Hi everyone. I will be going bicycling tomorrow with my husband and I need some photography ideas. I have a canon 60d with a 18-135mm lens . Itl be a long trail...                Thanks!!!


----------



## Destin (Jan 28, 2012)

Slightly late for this advice now, but they make mounts to hook a camera onto your handlebars. You could then point it back towards yourself and shoot video of yourself riding. Or point it forward and follow your husband while he rides. Or photos via a time lapse timer. 

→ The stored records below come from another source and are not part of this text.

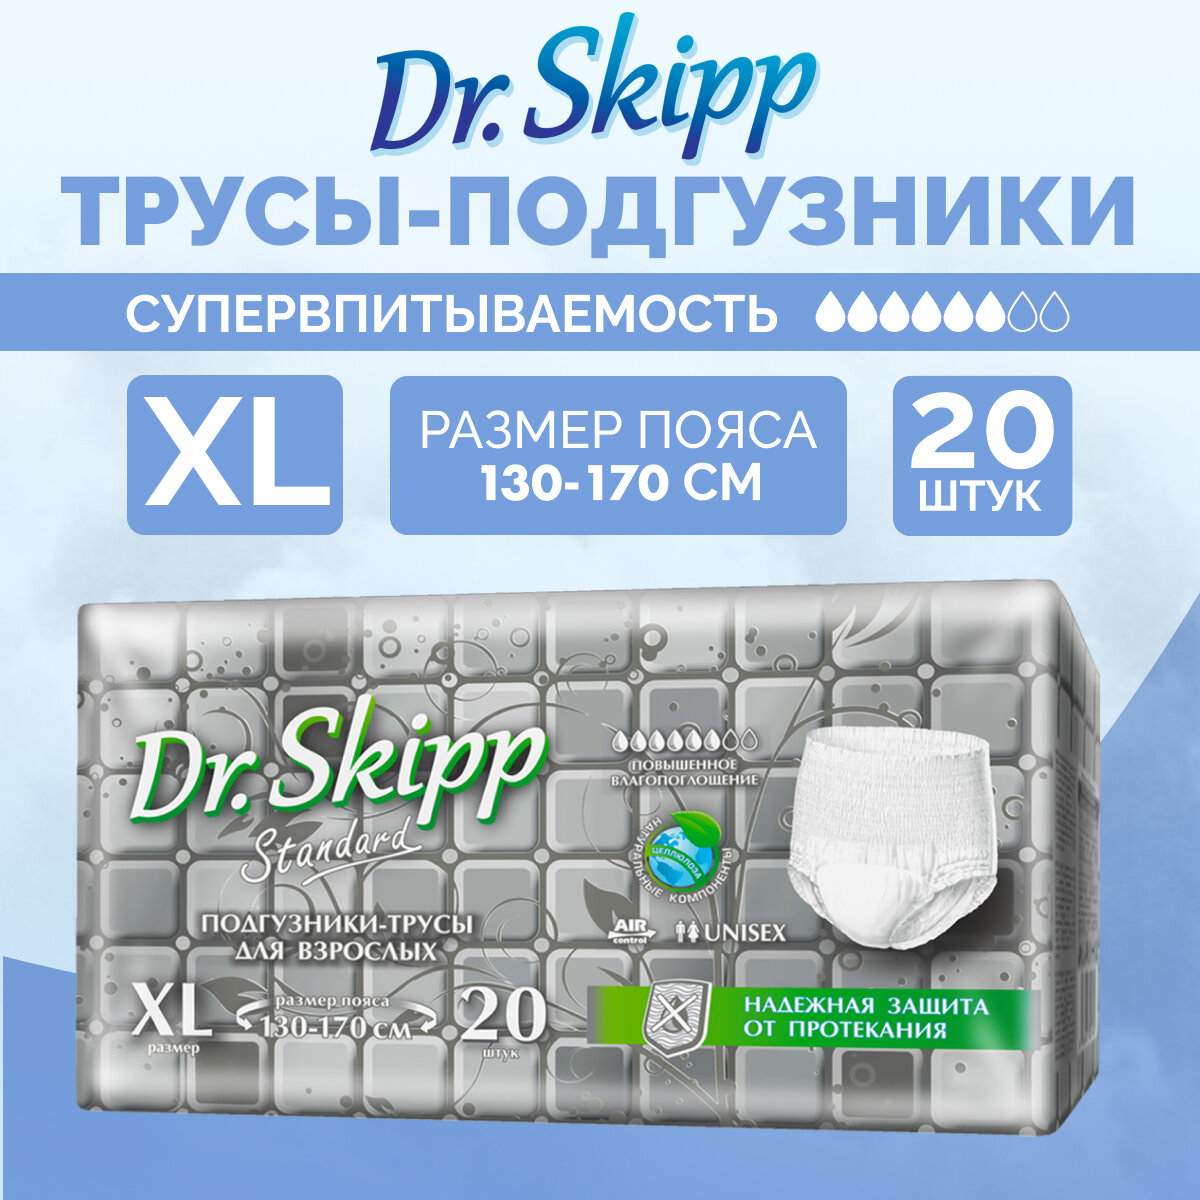 Трусы впитывающие Dr. Skipp Standard, XL, 130-170 см, 20 шт.
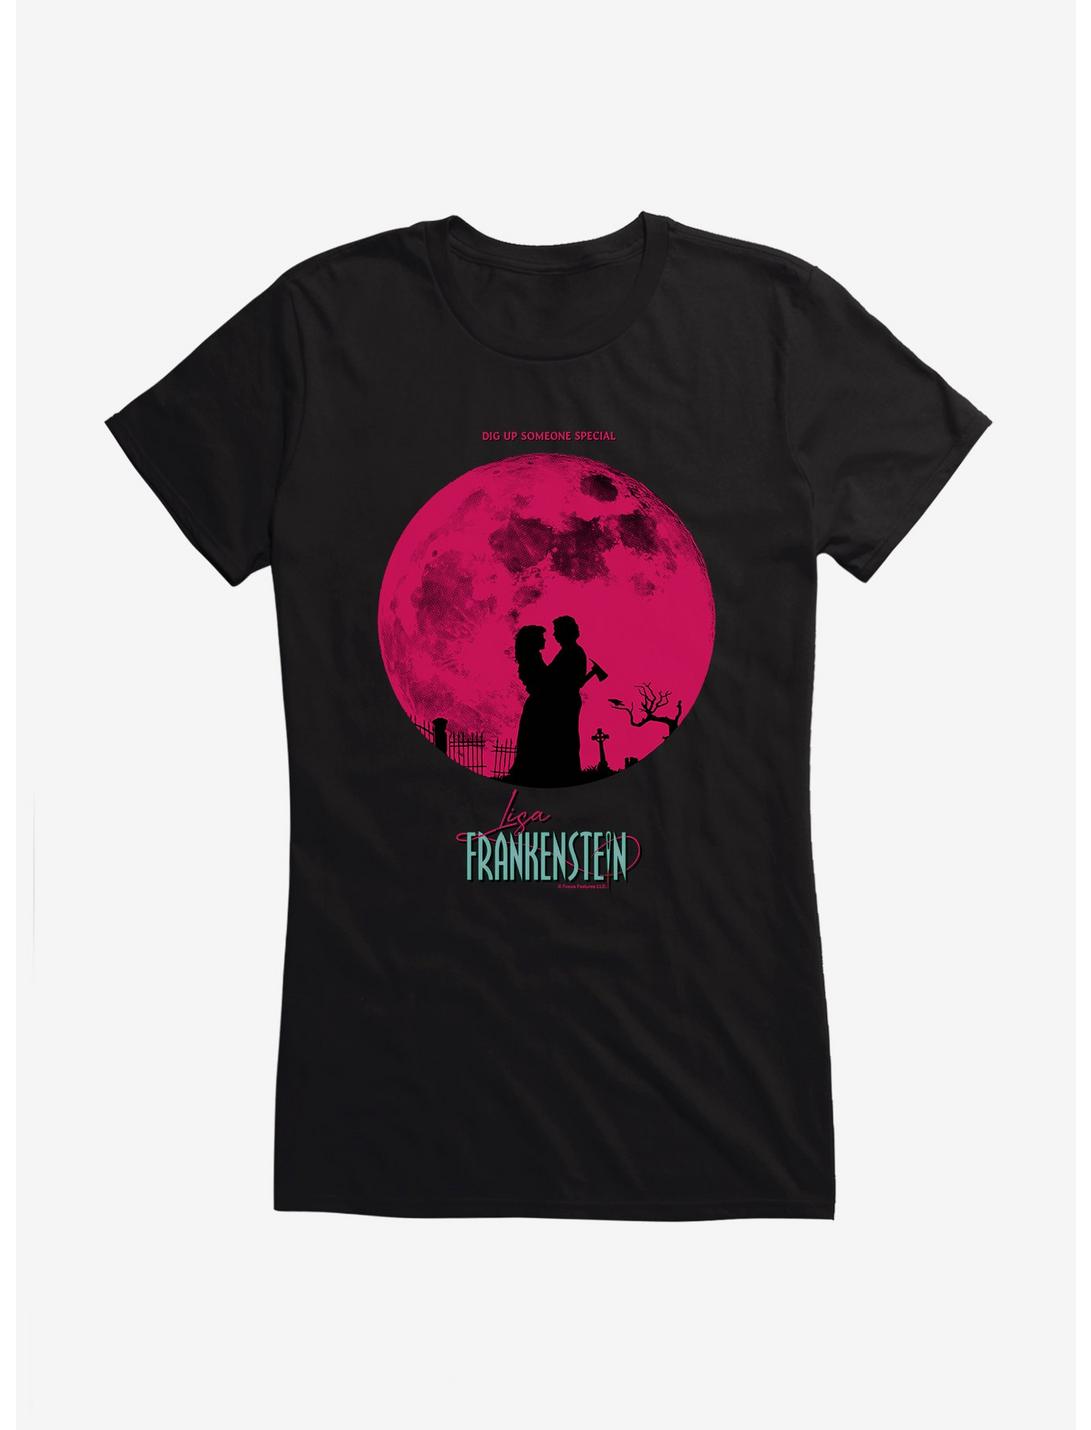 Lisa Frankenstein Moon Silhouette Girls T-Shirt, BLACK, hi-res
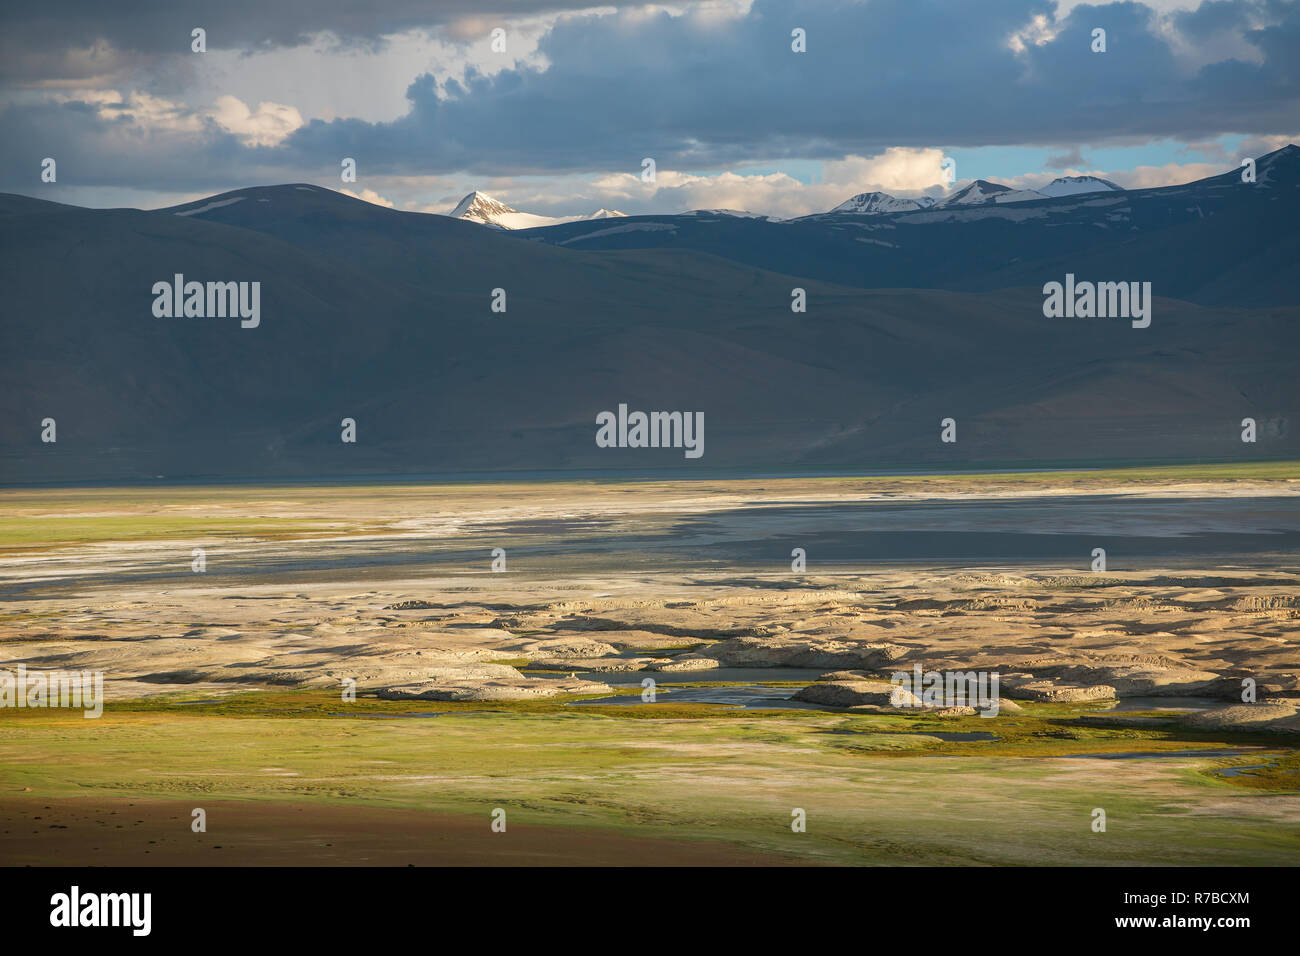 Lo splendido paesaggio di Tso Kar lago nella regione del Ladakh, India Foto Stock

Don't try this if you'll be mountain biking on rough trails, it may not end well for the camera.


----------



## ygil707 (Jan 28, 2012)

Thanks!!! Yea it might be too late for this trip but for future ones no, me and my husband like to hike and bike a lot.  .


----------



## woodyracing (Jan 29, 2012)

for on-bike shots, gopro is where it's at.  You can get some surprisingly good shots from that thing and definitely ones you could never get with a real camera


----------



## bhop (Feb 3, 2012)

When I ride, I just carry my Olympus XA in my pants or jersey pocket.


----------



## Dikkie (Mar 2, 2012)

Carry some heavy tripod with you on the bike


----------



## DiskoJoe (Mar 2, 2012)

Action shot of your husband getting some air


----------